WHAT YOU HAVE TO DO: Copy out all lines in the data below containing the string "with".

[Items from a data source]
%%

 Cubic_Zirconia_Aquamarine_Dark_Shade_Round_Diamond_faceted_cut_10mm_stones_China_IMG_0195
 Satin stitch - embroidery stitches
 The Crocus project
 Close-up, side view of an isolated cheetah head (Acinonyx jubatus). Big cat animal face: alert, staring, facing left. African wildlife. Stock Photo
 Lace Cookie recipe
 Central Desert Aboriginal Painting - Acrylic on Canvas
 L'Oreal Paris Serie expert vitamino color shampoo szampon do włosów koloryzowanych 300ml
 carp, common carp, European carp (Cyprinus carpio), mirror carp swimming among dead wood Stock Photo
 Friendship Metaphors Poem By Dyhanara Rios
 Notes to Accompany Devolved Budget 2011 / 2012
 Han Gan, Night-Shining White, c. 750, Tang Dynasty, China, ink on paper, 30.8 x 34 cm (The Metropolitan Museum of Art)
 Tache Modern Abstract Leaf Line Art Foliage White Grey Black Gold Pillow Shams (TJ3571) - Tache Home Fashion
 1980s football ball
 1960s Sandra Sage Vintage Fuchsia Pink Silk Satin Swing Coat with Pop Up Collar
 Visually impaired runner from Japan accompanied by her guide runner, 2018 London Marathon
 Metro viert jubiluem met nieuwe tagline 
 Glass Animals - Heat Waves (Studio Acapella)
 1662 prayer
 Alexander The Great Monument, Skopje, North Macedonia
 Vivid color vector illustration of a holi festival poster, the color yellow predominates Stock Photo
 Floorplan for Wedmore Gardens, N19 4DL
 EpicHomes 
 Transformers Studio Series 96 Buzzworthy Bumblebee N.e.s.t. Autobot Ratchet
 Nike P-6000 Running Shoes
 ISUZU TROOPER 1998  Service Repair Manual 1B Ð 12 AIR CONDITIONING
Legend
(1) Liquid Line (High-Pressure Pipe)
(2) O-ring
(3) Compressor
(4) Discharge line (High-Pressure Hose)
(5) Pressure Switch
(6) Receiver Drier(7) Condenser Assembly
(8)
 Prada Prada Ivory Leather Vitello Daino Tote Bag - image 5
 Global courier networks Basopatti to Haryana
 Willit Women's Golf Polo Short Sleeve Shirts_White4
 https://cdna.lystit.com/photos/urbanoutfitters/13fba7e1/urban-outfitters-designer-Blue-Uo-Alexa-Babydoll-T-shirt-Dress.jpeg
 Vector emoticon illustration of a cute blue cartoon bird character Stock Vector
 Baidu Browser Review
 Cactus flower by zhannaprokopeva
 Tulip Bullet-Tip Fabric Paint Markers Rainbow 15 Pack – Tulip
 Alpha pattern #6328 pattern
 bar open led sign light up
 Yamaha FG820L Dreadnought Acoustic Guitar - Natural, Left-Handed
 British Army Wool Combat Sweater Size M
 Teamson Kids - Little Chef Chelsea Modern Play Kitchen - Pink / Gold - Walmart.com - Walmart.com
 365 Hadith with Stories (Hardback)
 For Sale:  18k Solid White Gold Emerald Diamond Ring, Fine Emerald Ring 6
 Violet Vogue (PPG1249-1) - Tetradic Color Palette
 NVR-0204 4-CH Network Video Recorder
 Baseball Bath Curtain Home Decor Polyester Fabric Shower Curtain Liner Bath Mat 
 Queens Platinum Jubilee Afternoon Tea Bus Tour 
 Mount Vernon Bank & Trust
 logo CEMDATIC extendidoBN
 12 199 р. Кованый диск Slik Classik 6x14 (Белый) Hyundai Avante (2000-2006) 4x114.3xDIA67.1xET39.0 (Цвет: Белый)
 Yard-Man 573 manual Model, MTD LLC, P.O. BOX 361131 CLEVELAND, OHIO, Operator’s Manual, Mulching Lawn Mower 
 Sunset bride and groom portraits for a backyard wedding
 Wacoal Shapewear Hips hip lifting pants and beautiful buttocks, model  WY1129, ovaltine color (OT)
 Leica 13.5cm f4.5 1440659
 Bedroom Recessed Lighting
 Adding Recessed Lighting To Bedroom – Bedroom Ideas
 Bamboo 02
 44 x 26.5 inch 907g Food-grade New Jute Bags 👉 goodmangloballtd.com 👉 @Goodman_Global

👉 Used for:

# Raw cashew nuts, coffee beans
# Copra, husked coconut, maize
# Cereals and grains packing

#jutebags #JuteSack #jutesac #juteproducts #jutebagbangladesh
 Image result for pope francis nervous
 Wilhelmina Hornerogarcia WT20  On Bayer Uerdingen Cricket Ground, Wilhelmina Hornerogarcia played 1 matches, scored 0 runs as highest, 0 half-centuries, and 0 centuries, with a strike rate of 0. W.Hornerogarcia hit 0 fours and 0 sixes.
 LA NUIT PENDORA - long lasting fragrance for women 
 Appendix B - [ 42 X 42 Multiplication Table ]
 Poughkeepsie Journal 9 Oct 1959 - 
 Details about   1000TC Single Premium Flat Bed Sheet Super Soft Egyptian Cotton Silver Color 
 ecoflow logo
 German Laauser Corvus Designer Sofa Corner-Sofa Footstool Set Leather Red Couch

%%

YOUR RESPONSE:
 1960s Sandra Sage Vintage Fuchsia Pink Silk Satin Swing Coat with Pop Up Collar
 365 Hadith with Stories (Hardback)
 Wilhelmina Hornerogarcia WT20  On Bayer Uerdingen Cricket Ground, Wilhelmina Hornerogarcia played 1 matches, scored 0 runs as highest, 0 half-centuries, and 0 centuries, with a strike rate of 0. W.Hornerogarcia hit 0 fours and 0 sixes.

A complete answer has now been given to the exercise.